FAME, Kx, Caché might be similar (but they are empty time series databases), but I have never used them.

Plain SQL

The safest, quickest bet is probably to use SQL directly: for time-stamped data, your tables would have (identifier, date) as a primary key, for interval-stamped events, it would be (identifier, start_date, end_date) with end_date set to 9999-12-31 for open-ended intervals; you would have one table per data source and data frequency. Such tables can be joined as follows

SELECT X.id,
       MAX(X.start_date, Y.start_date) AS start_date,
       MIN(X.end_date,   Y.end_date)   AS end_date,
       X.data_1, Y.data_2
FROM   X, Y
WHERE  MAX(X.start_date, Y.start_date) <= MIN(X.end_date, Y.end_date);

Depending on your needs, you might prefer a more complicated design, such as a table containing current data and a table with historic data (this avoids the 9999-12-31 kludge); or a table with current data and a log table (containing the changes to the data).

Even if you think you do not need bitemporality, I suggest adding an auto-populated column with the data of time of the latest modification of each row: it is invaluable when you track down a data problem. Some people also add the name of the person or process who modified the row.

Even if you use a non-SQL system, it should have an SQL interface, with which most users are already familiar -- for instance, Monet (a free, in-memory, column database) provides several interfaces (SQL, XQuery, etc. -- I checked it six months ago, looking for an XQuery processing engine to ditch XSLT but, sadly, I could not get the XQuery part to work...).

Even with an SQL system, you might want to abstract the data structure from the user, to avoid too strong a reliance on a given schema, which will eventually change: either by providing SQL views (in some companies, end-users are not even allowed to access the data directly from the SQL tables, they have to use views instead -- each table typically has its own, trivial view) or by providing an API, completely eschewing SQL (this can prove useful when you want to add data that do not easily fit in an SQL database, such as years of tick data).

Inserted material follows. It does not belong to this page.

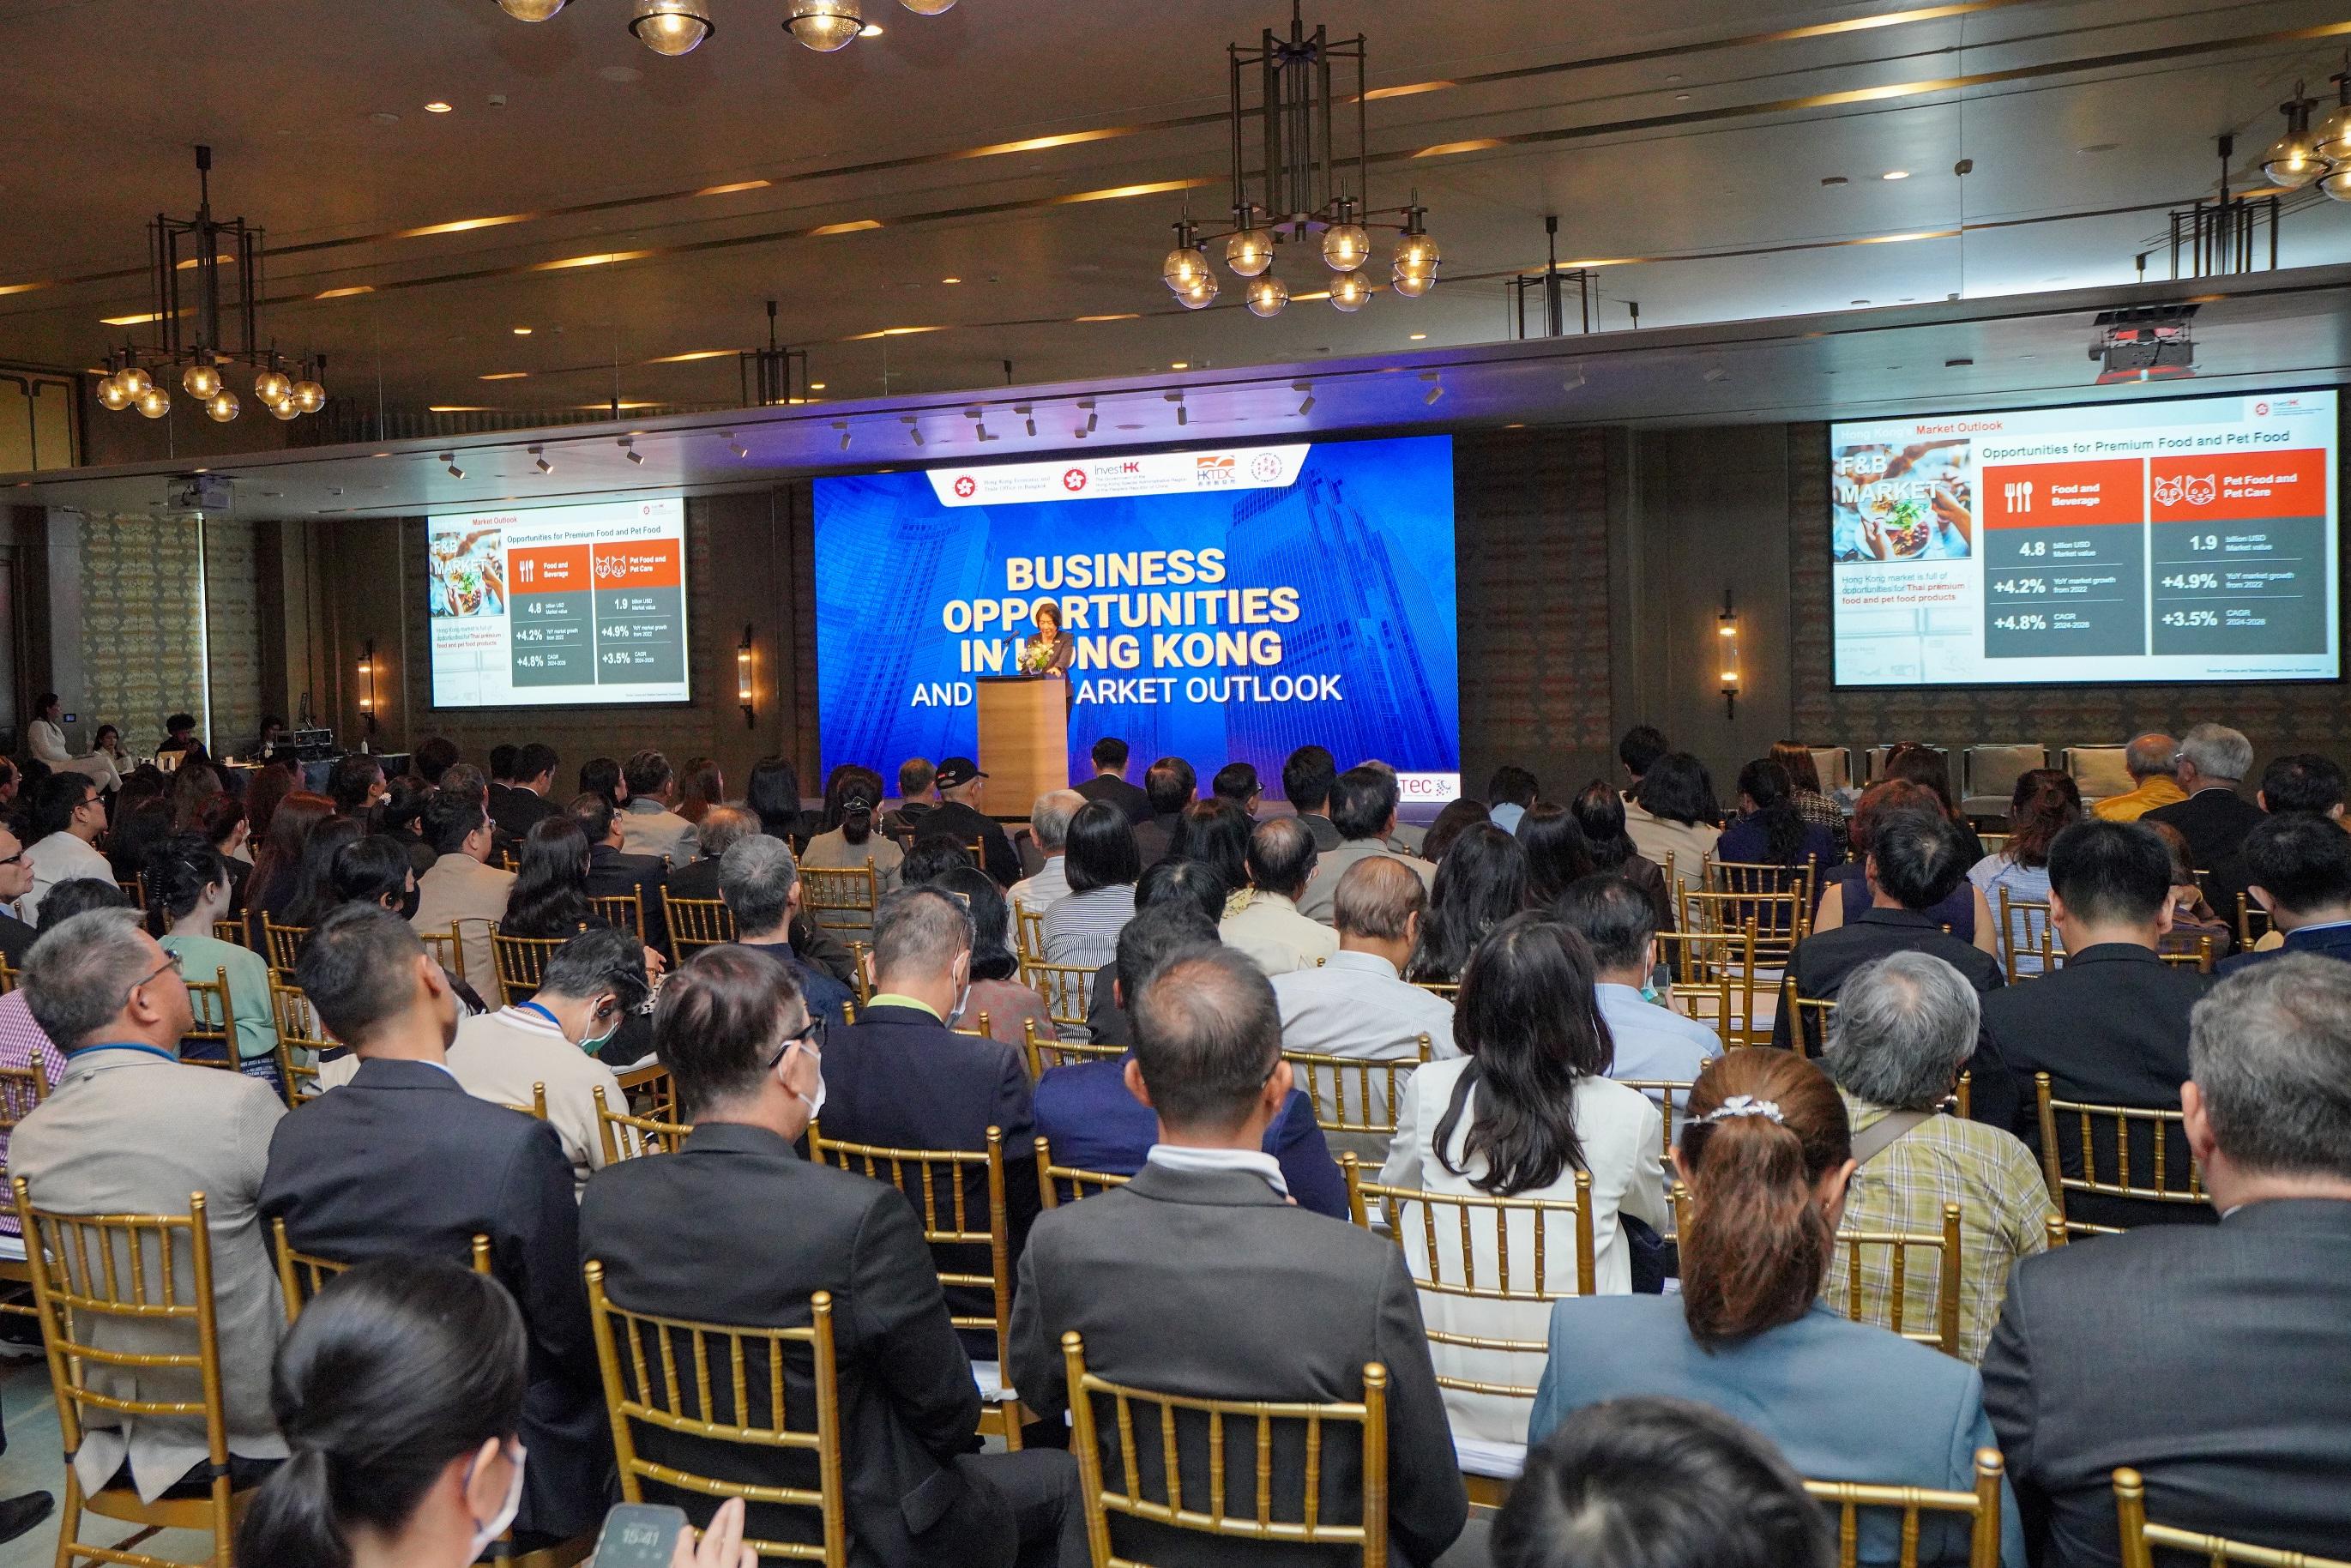 The Hong Kong Economic and Trade Office in Bangkok jointly organised the Thailand-Hong Kong Business Forum with Invest Hong Kong and the Hong Kong Trade Development Council in Bangkok today (March 18) to promote Hong Kong's business opportunities.

You will not only want to store the data, but also to compute with it. Computations on large datasets are usually best done as close from the data as possible: in some situations, it can be done in SQL (I already mentionned Oracle's window functions and PostgreSQL's stored procedures in R). If this is not sufficient, or if you are more versed in R than SQL, you can always download all the data you need into memory (memory is cheap -- I hope you are not stuck on Windows, who restricts its use). The data I work with is often stored in tables whose primary keys are (identifier, date) and I convert those tables into lists of matrices (one matrix per variable, one row per identifier, one column per date -- I put the dates in columns, because I am used to plotting time on the horizontal axis) using functions such as

"DataFrameToList" <-
function (d, id_name=NULL, date_name=NULL, verbose=FALSE, convert_dates=TRUE) {

  if (verbose) {
    dcat <- cat
  } else {
    dcat <- function (...) {} 
  }
  dcat("  DataFrameToList: Checking the arguments\n")
  stopifnot( is.data.frame(d),
             dim(d)[2] > 2 )
  if (is.null(id_name) & is.null(date_name)) {
    dcat("  DataFrameToList:   Guessing the name of the Id and Date columns\n")
    stopifnot(any( c("id", "Id",
                     "Sedol", "sedol", "SEDOL",
                     "cusip", "CUSIP", "Cusip",
                     "ticker", "Ticker", "TICKER") %in% names(d)[1:2] ))
    stopifnot(any( c("Date", "date") %in% names(d)[1:2] ))
    if ( names(d)[1] %in% c("Date", "date") ){
      names(d)[1] <- "Date"
      names(d)[2] <- "Id"
      dcat("   DataFrameToList:   Switching columns 1 and 2\n")
      gc()
      d <- d[, c(2,1,3:dim(d)[2])]
      gc()
      dcat("   DataFrameToList:   Done\n")
    } else {
      names(d)[1] <- "Id"
      names(d)[2] <- "Date"
    }
  } else if ( ! is.null(id_name) & ! is.null(date_name) ) {
    stopifnot( id_name   %in% names(d),
               date_name %in% names(d),
               id_name != date_name )
    dcat("  DataFrameToList:   gc()\n")
    gc()
    dcat("  DataFrameToList:   Making sure the Id and Date columns are the fist two ones\n")
    d <- d[, c(id_name, date_name,
               setdiff(names(d), c(id_name, date_name)))]
    dcat("  DataFrameToList:   gc()\n")
    gc()
    dcat("  DataFrameToList:   Done\n")
    names(d)[1:2] <- c("Id", "Date")
  } else {
    stop("Both id_name and date_name should be NULL or non-NULL.")
  }
  dcat("  DataFrameToList: Checking the Id and Date columns\n")
  stopifnot( names(d) [1] == "Id" )
  stopifnot( names(d) [2] == "Date" )
  stopifnot( length(d) > 2 )
  dcat("  DataFrameToList:   Looking for missing dates or identifiers\n")
  stopifnot(all(!is.na( d$Id )))
  stopifnot(all(!is.na( d$Date )))
  dcat("  DataFrameToList:   gc()\n")
  gc()
  dcat("  DataFrameToList:   Converting the date column to dates\n")
  if (convert_dates) {
    number_of_dates <- length(unique(d$Date))
    d$Date <- as.Date(d$Date)
    if (number_of_dates != length(unique(d$Date))) {
      stop("Some information was lost while converting to dates: try convert_dates=FALSE")
    }
  } else {
    dcat("                     Skipped\n")
  }
  d$Date <- as.character(d$Date)
  stopifnot(all(!is.na( d$Date )))
  stopifnot(d$Date != "")
  dcat("  DataFrameToList:   gc()\n")
  gc()

  dcat("  DataFrameToList: Checking for duplicate entries\n")
  stopifnot(all( table(d$Date, d$Id) <= 1 ))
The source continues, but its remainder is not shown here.